Firstly, many thanks to those who run this website, for providing this space for people to get together and share their experiences and advice.

I'm a 27 year old single British guy. I've been single for 6 years now, and I'm feeling very very lonely without having a special girl to share my life with.

Maybe I'm slightly unusual, in that I don't really feel the need to have lots of friends. I have a few good friends, who I enjoy seeing from time to time, but I seem to have a much stronger desire for a girlfriend.

I find it quite easy to be friends with girls, and have normal everyday conversations with them. I'm physically attracted to many girls, but I very very rarely meet a girl with whom I feel that magic spark of chemistry. I don't know why this is the case, but in my opinion there's no point in asking a girl out if you don't feel that special spark.

To put it simply, I'm looking for a girl to be my romantic companion, someone to share my life with intimately, someone who understands me, someone to care for, to protect and to love. And vice versa: I'm looking for a girl who wants a romantic companion, who wants to share her life with someone intimately, who's looking for someone who understands her, someone she can care for, protect and love.

To be honest, I'm not particularly bothered about sex. I wouldn't mind at all if I had a girlfriend who wasn't especially interested in sex. Obviously physical intimacy is nice, but what matters to me most is the faithful companionship, the simple affection, the sweet romance, the mutual trust, the deep friendship.

Sometimes the loneliness gets so intense that it's actually painful, a horrible sickening pain in my chest and stomach. Today for some reason was particularly bad. I was sitting in the park having lunch, and there were several young couples sitting in the sun, holding hands, being all affectionate with each other. I'm very glad for them that they've found someone special, but watching them was like having a knife twisted in my stomach, a cruel reminder of how lonely I feel. I was in such pain that I couldn't eat my lunch, and I had to get up and leave the park, otherwise I probably would've started crying there sitting on the bench.

Sometimes I just feel like giving up on the whole search for a girlfriend, like these lyrics by The Carpenters:

So I've made my mind up, I must live my life alone
And though it's not the easy way, I guess I've always known

All the years of useless search have finally reached an end
Loneliness and empty days will be my only friend
From this day love is forgotten
I'll go on as best I can


This line by Robbie Williams is so relevant to the way I feel:

I got so much love, running through my veins, going to waste

And of course these lyrics by Green Day:

My shadow's the only one that walks beside me
Sometimes I wish someone out there will find me
Till then, I walk alone


But I'll try to finish on an optimistic note, with my favourite quote from Cast Away starring Tom Hanks, possibly my all-time favourite film:

I know what I have to do now. I gotta keep breathing. Because tomorrow the sun will rise. Who knows what the tide could bring?
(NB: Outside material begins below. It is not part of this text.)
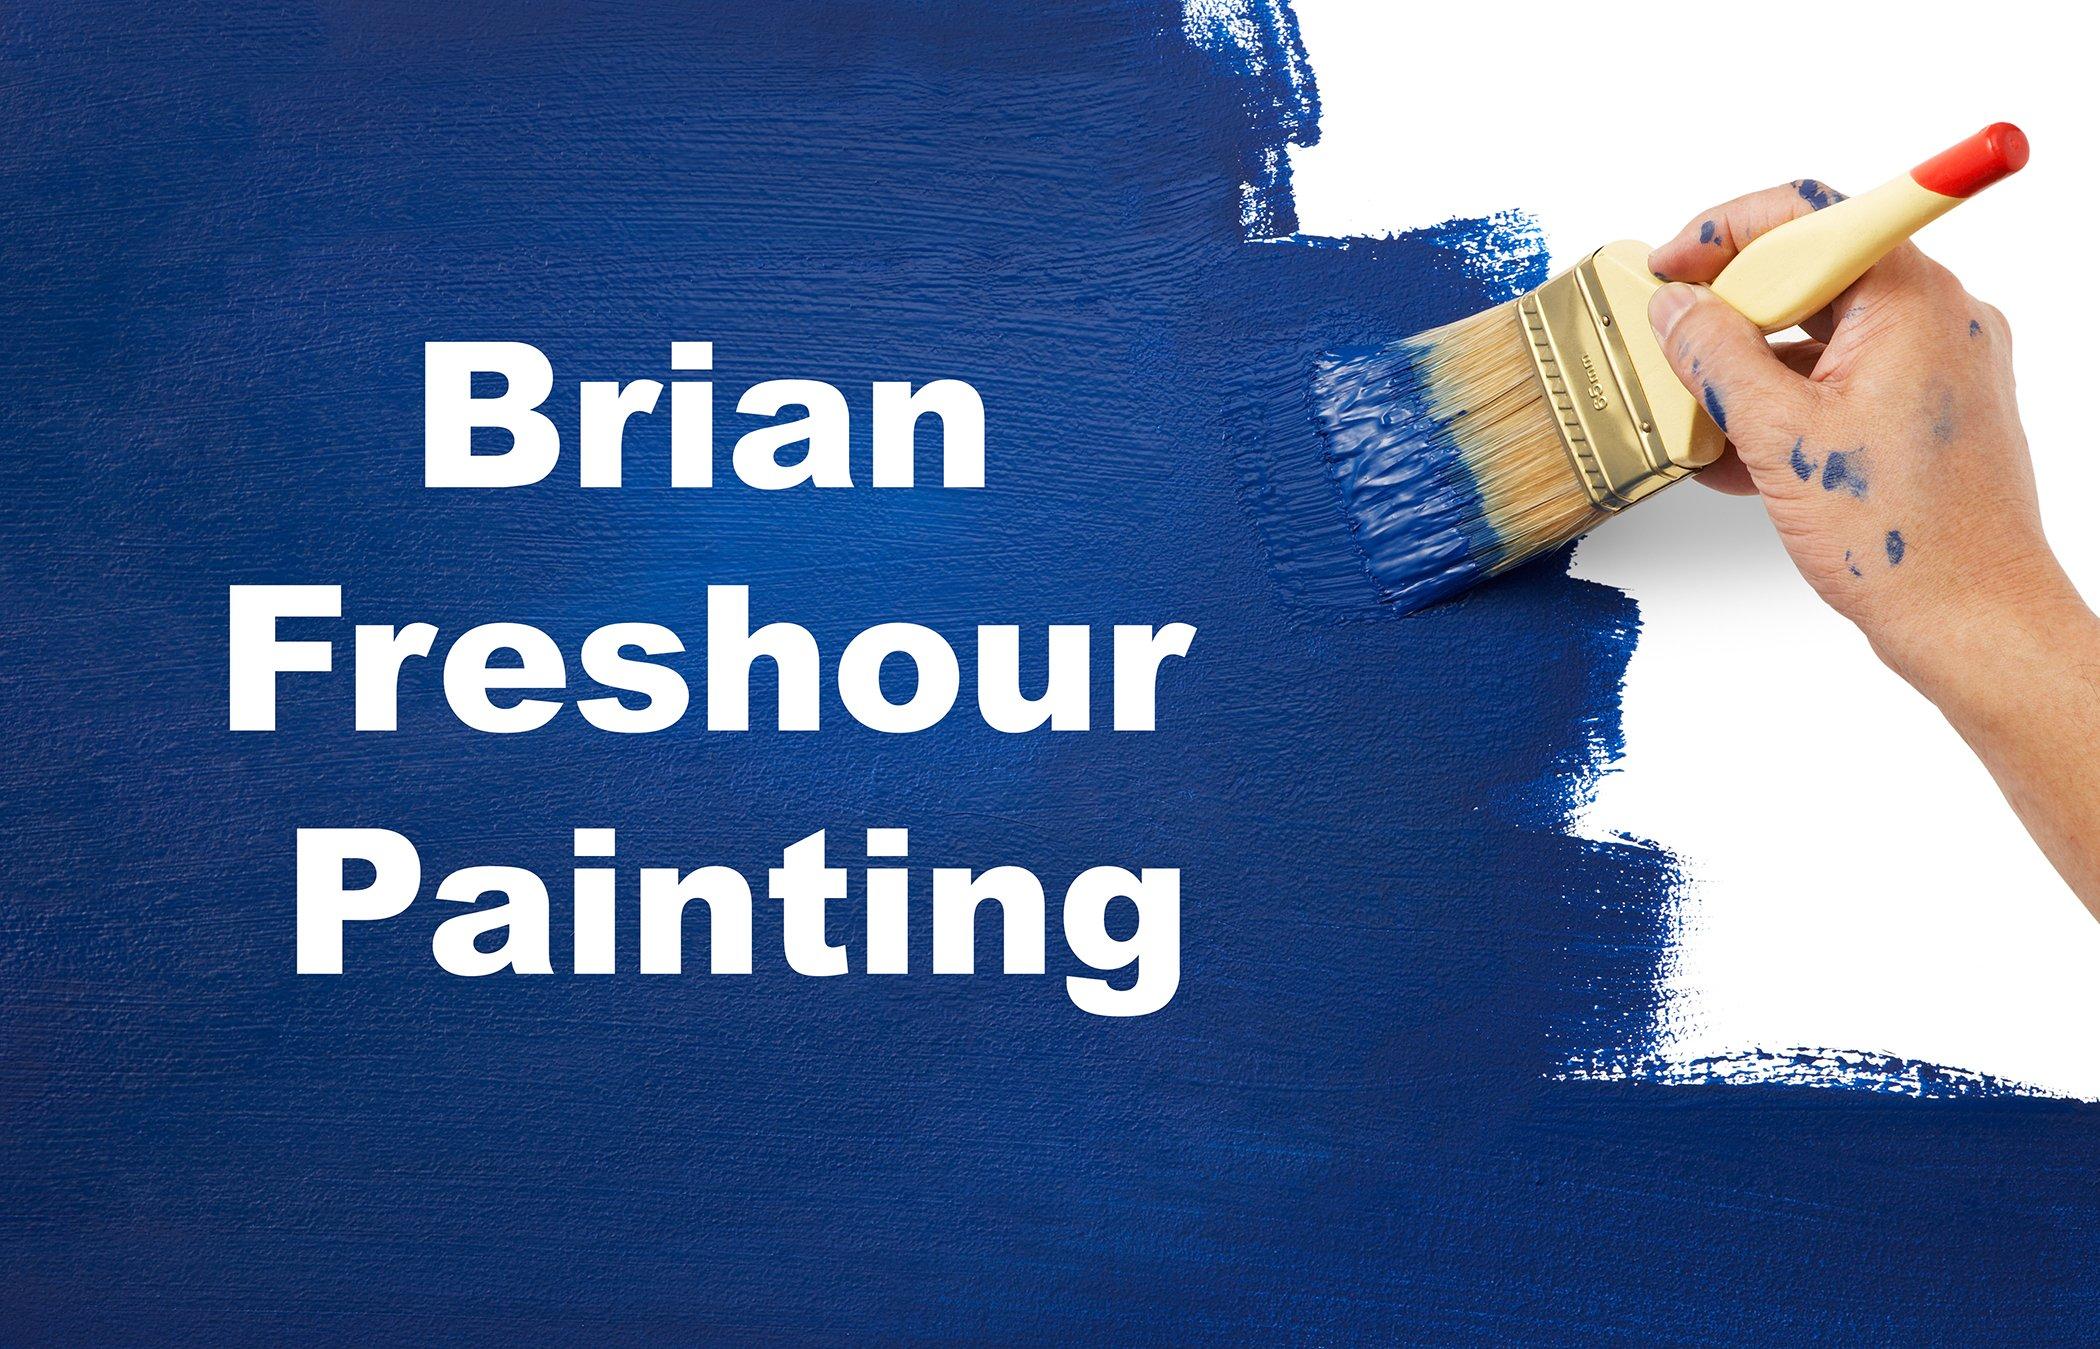 Brian Freshour Painting

I'm very glad that I've found this site, and I have a feeling that I'll be visiting quite regularly. I'm sorry that this first post has been a bit of a vent! I'll try to make my future posts less "ventful", and I also hope to be able to give support to others on this site who are suffering.
 
:p Hi, British guy, and welcome to the forum.

WILSON!!!!!!!!!!!!!!!!!!!!!!! lol
 
Hey QuietGuy, Just want you to know you sound exactly like me, all the way down to love of Cast Away. Like you implied, there really is nothing to say in the end except that we must never give up, no matter how hopeless it seems. If all you can do is keep breathing while the tears roll down your face, then do that. I know that's how it is for me sometimes. Maybe the point of posting anonymously on internet forums like this is just to give one more person somewhere in the world enough of a reason to keep going for just one more day.
 
hey and welcome. you sound a lot like me. ive been single my whole life and it would be nice to find a companion that gets me and shares my interests. hard to find someone else that doesnt go out a lot though.
 
Many thanks for the warm welcome guys :)

EveWasFramed said:
WILSON!!!!!!!!!!!!!!!!!!!!!!! lol

Haha! :D I love Wilson! Everyone should have a Wilson to keep them company!

andrew732 said:
Like you implied, there really is nothing to say in the end except that we must never give up, no matter how hopeless it seems. If all you can do is keep breathing while the tears roll down your face, then do that. I know that's how it is for me sometimes. Maybe the point of posting anonymously on internet forums like this is just to give one more person somewhere in the world enough of a reason to keep going for just one more day.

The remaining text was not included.